I am trying to organize a graph data exchange process between ArangoDB and DGL for learning graph neural networks on a data that I have in Arango collections.
Case 1
I am exporting data from ArangoDB to DGL using metagraph, teaching a GNN, updating target labels and importing results back into ArangoDB.
op_metagraph = {
"vertexCollections" : {
"tmp_v_accounts" : {
"features" : {
"creation_dt" : IdentityEncoder(dtype=torch.int),
"foreign_flg" : CategoricalEncoder()
}
}
},
"edgeCollections" : {
"tmp_e_operations" : {
"features" : {
"operation_dt" : IdentityEncoder(dtype=torch.int),
"operation_sum" : IdentityEncoder(dtype=torch.int)
},
"label" : "fraud_flg"
}
}
}
dgl_tx = adbdgl_adapter.arangodb_to_dgl(
"operations_graph",
metagraph=op_metagraph
)
#learning...
adb_g = adbdgl_adapter.dgl_to_arangodb("new_graph", dgl_tx)
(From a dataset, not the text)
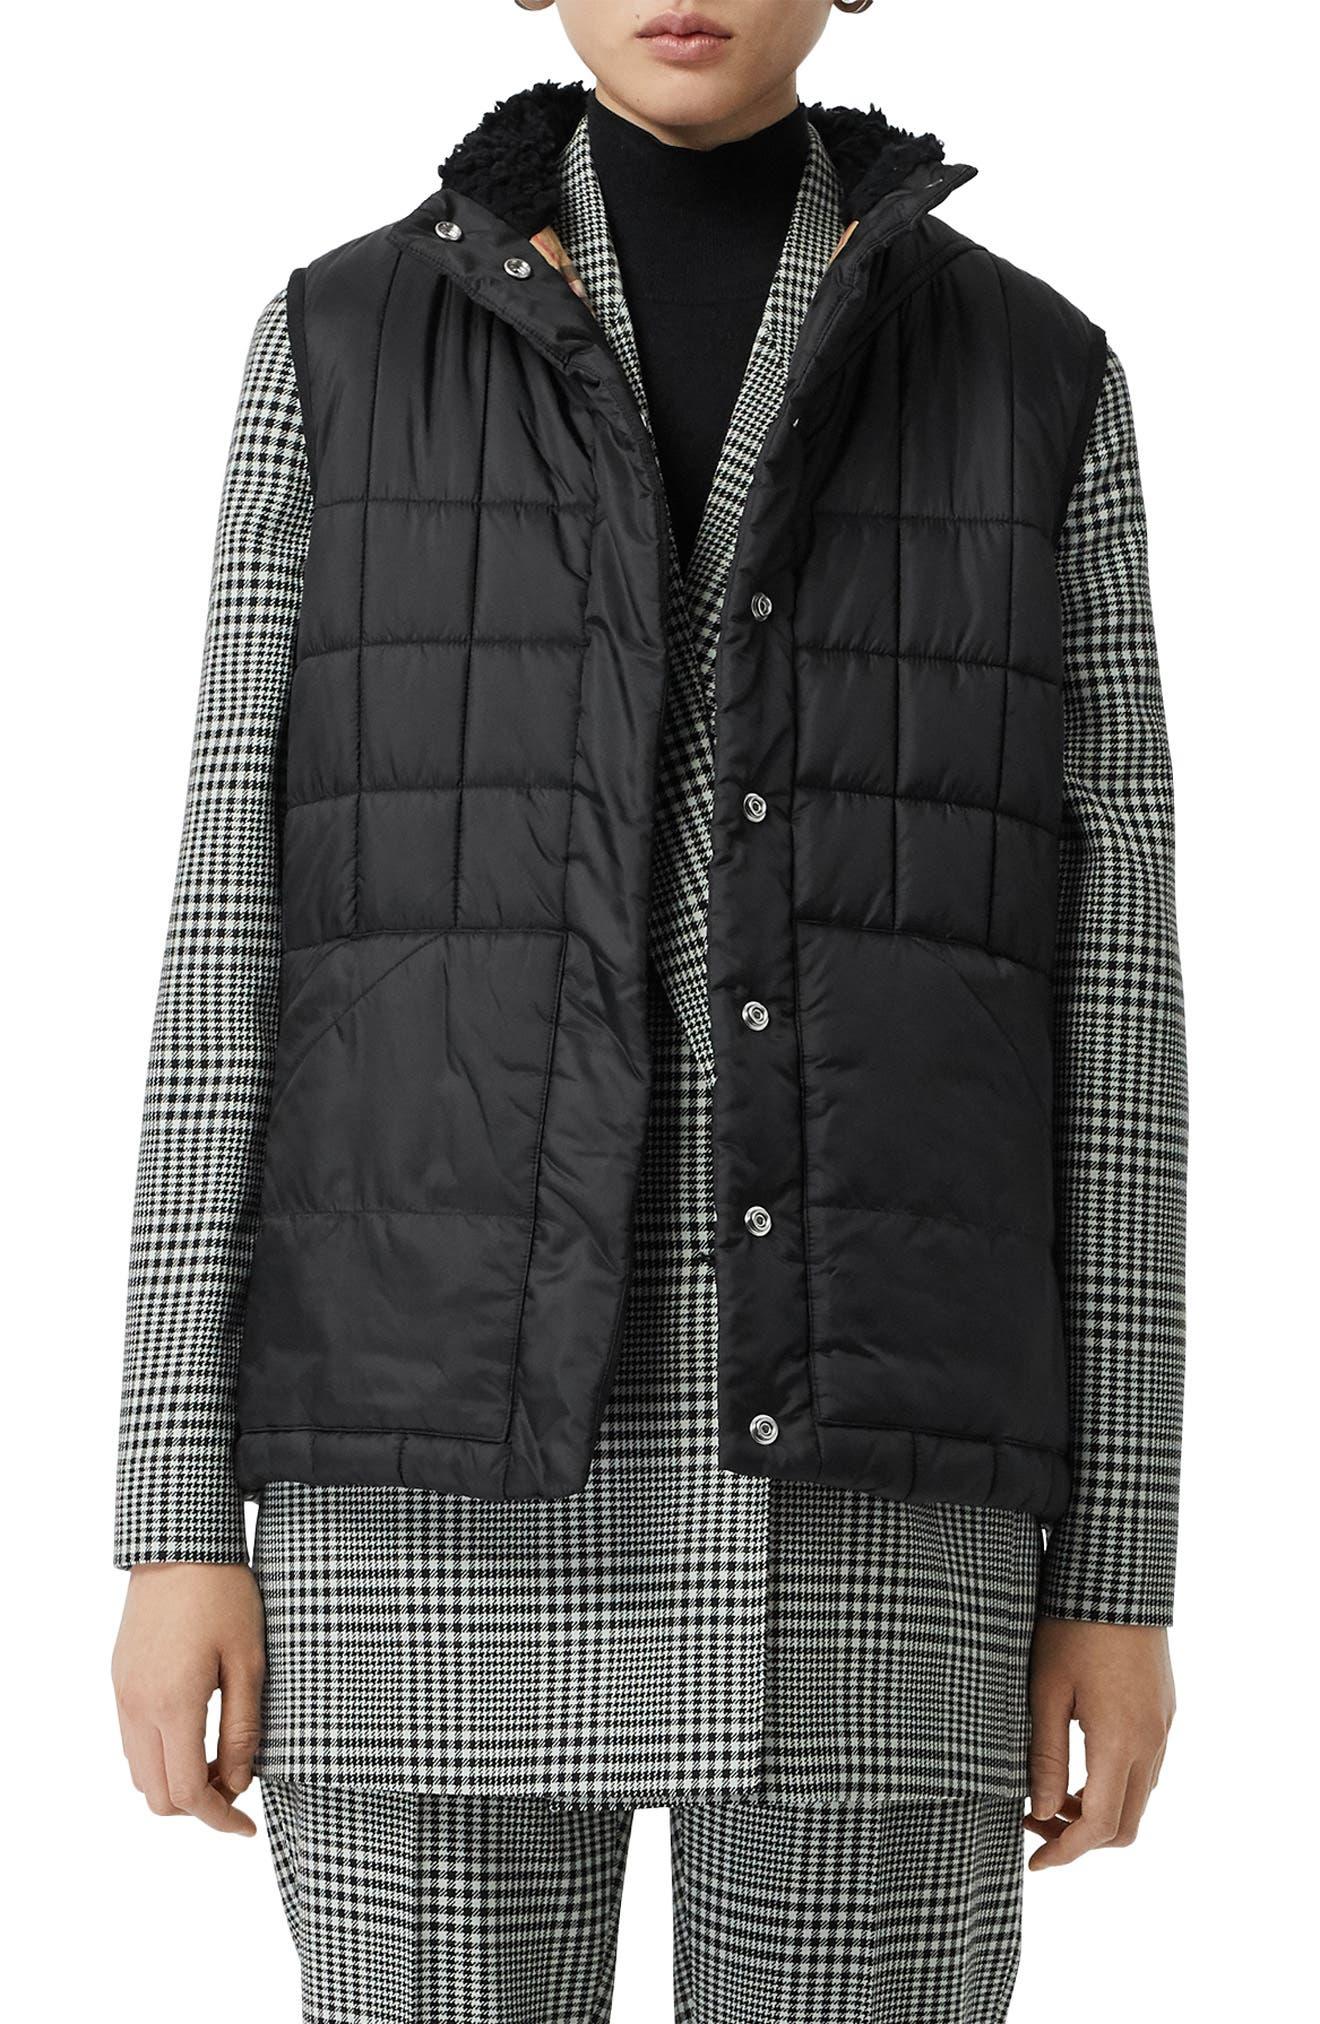 Leintune Faux Shearling Trim Quilted Vest, Main, color, BLACK

The initial problem is that, while the network did do some work, I couldn’t interpret the results because the import process created new collections and:
- I could not add technical attributes (such as the element’s _key or _id) to the original graph data as it would be wrongfully used in the learning process;
- I could not match the records from old and new collections using non-technical attributes as they were changed in the learning process, and even if they weren’t, there would be no guarantee a given record’s attributes are unique across all data.
Case 2
I tried including tech attributes into the metagraph, hoping to exclude them from learning later by editing the model itself.
Trying to include _key attribute as a string:
"features" : {
...,
"_key" : CategoricalEncoder()
}
Produces KeyError: <some arbitrary number>
, which I assume (but cannot confirm) to be that DGL cannot upload that much categorical data into the graph.
Trying to create a new attribute as TO_NUMBER(_key)
via AQL and include it as an integer:
"features" : {
...,
"t_int_key" : IdentityEncoder(dtype=torch.int)
}
Produces the following error:
Exception has occurred: DGLError
[12:18:17] C:UserspeizhouworkspaceDGL_scriptsreleasewin-64dglsrcgraphunit_graph.cc:69: Check failed: aten::IsValidIdArray(src):
Which I could not find an explanation for. Stunning is the fact the my username is not peizhou
, and I do not have such user on my computer. So the error seemingly doesn’t even originate from my own installation of DGL.
Summary
The question that stems from this is how can I either:
Update the existing ArangoDB collections with data that I obtained from the DGL, rather than imporing data into entirely new collections, or:
Include technical attributes, such as the elements’ keys, into the DGL graph, to be able to match the records in old and new collections after importing data into the new ones?